For the people in those big chairs, taking a moment to think like a fan instead of an administrator can be a very useful tool. Because the re-adjustment of priorities it brings to the table can solve many problems before they even arise.
A fan wouldn't care about a coach's antics. A fan would put the national team above everything else. A fan would look forward to the opportunity that the Asian Games brings to get all the non-football watching friends to follow the matches. A fan would forgive every misstep as long as the team gave its best. A fan woundn't hold personal grudges. A fan would leave aside personal ego and compromise, because if there's any fanbase in the world that makes selfless sacrifices today to keep alive the hope of future glory, it's the Indian football fans.
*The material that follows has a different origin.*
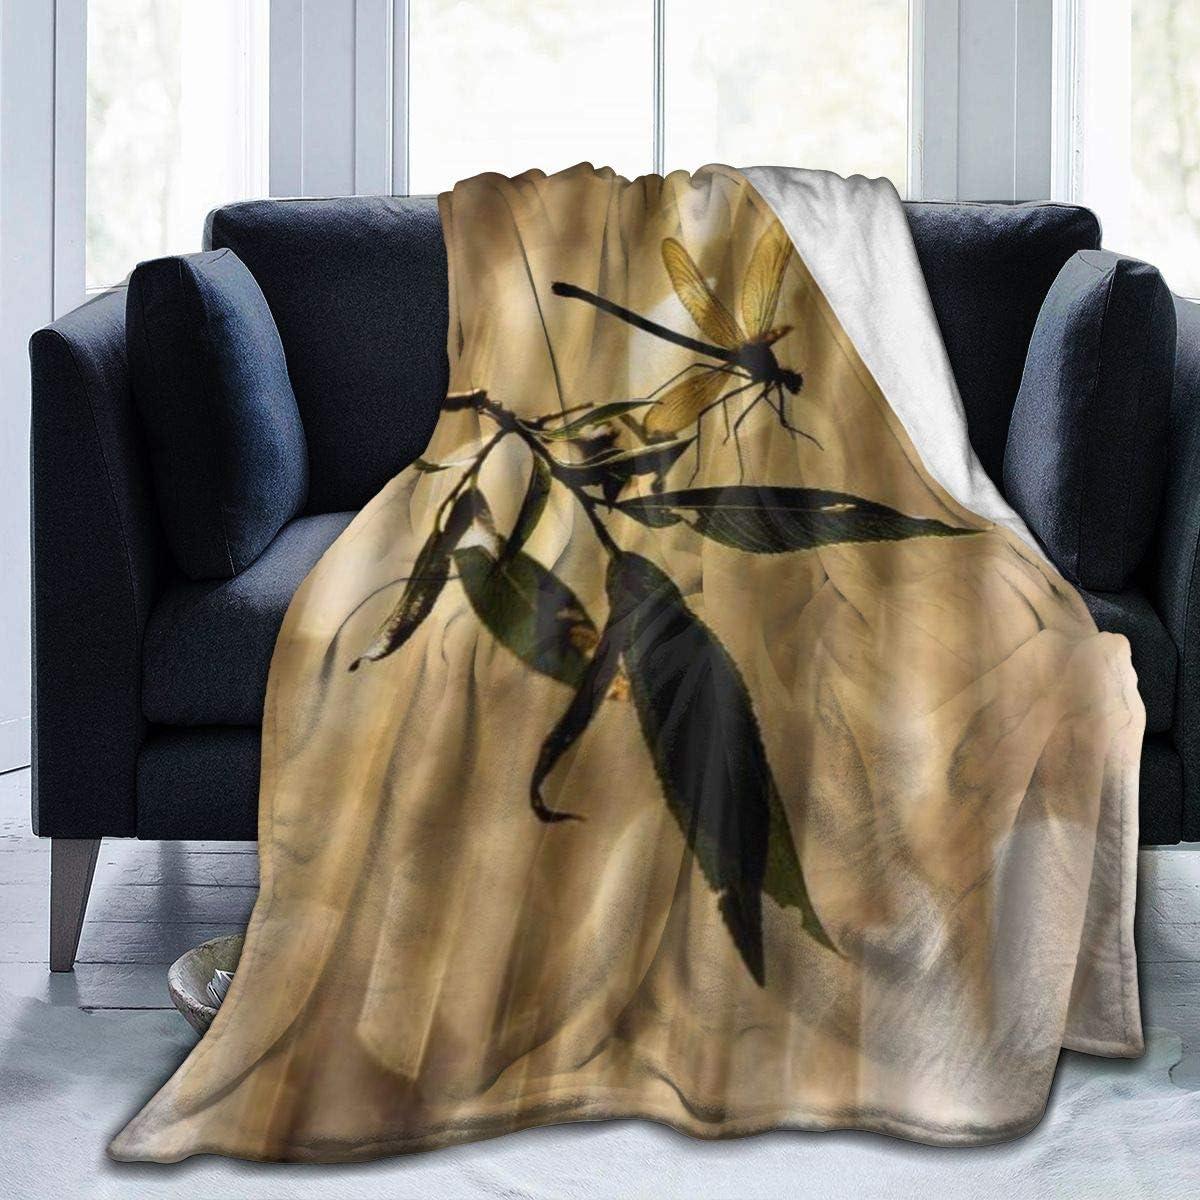 WINCAN Soft Fleece Throw Blanket,Libellule Blink Sunlight Design,Home Hotel Sofá Cama Sofá Mantas para Parejas Niños Adultos,120x150cm

Because there is a world where AIFF officials' negotiations to get us to Asian Games and putting together a good team pays off bigly for everyone, including the clubs who took a risk by releasing players for national duty. There is a scenario where sticking with Igor Stimac works out for us. There is a possibility where we see the Prime Minister tweet about Indian football again.
But given our history, it'll probably cost us more sweat than the water we get from the tubewell.
Is that the nature of our system, or just our ever-rotten luck? Perhaps the astrologer can tell.